The Russian authorities have transferred the body of the opposition leader Aleksei A. Navalny to his mother, his spokeswoman said on Saturday, ending a grim battle for custody of his remains, but it is unclear whether he will get a funeral that the public can attend.
“Aleksei’s body has been handed over to his mother,” Navalny’s spokeswoman, Kira Yarmysh, said in a statement posted on social media. “The funeral is yet to come.
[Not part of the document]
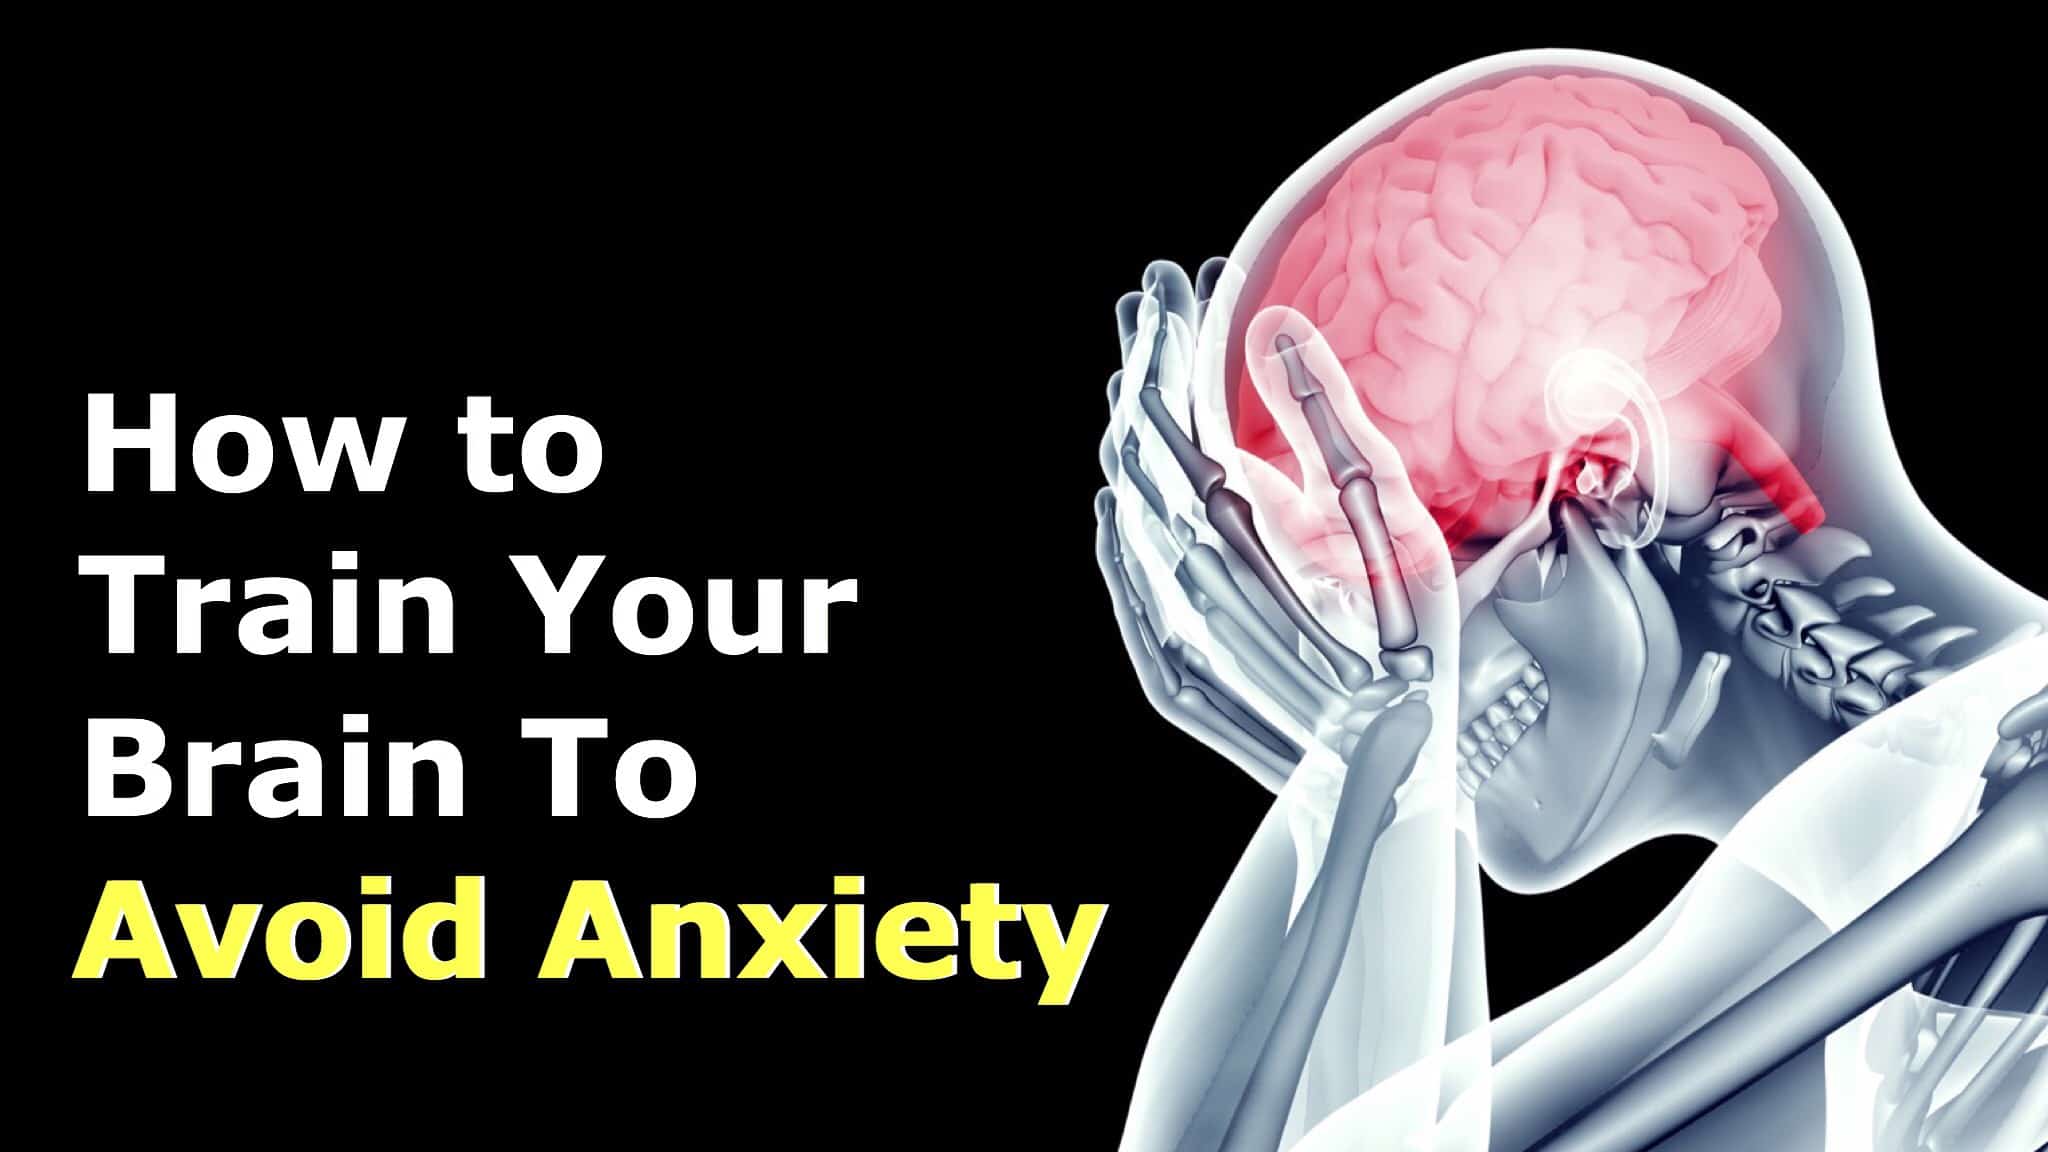 How to Train Your Brain To Avoid Anxiety

We don’t know whether the authorities will interfere with carrying it out in the way the family wants and as Aleksei deserves.”
Navalny’s mother, Lyudmila Navalnaya, on Saturday was still in the northern city of Salekhard, near the Arctic prison where Navalny was reported to have died on February 16, Yarmysh said.
Navalny’s family and aides have accused the Russian authorities of keeping his body hostage and “blackmailing” his mother into agreeing to bury him in secret.
On Friday, Yarmysh said that officials in Salekhard had given Navalnaya an ultimatum demanding that she assent to such a secret funeral within three hours, or else that he would be buried on prison grounds.
That deadline passed on Friday evening without any new information from Navalny’s aides. The Russian authorities have not commented on the Navalny team’s version of events. The circumstances of Navalny’s death remain unclear; according to Yarmysh, Navalnaya received a medical report earlier this week that said he had died of natural causes.
The news that Navalnaya, 69, received custody of the body suggested that the Russian authorities had relented after a days-long social media campaign by Navalny’s team.
On Saturday, Navalny’s widow, Yulia Navalnaya, 47, released a six-minute YouTube video denouncing President Vladimir V. Putin of Russia for maligning the Christian values he professes as he “mocks Aleksei’s mother and forces her to agree to a secret funeral”.
The question now is how Navalny’s funeral will take shape.
The dispute over custody of his body appears to reflect the Kremlin’s fears about a public funeral in Moscow turning into a focal point for protest.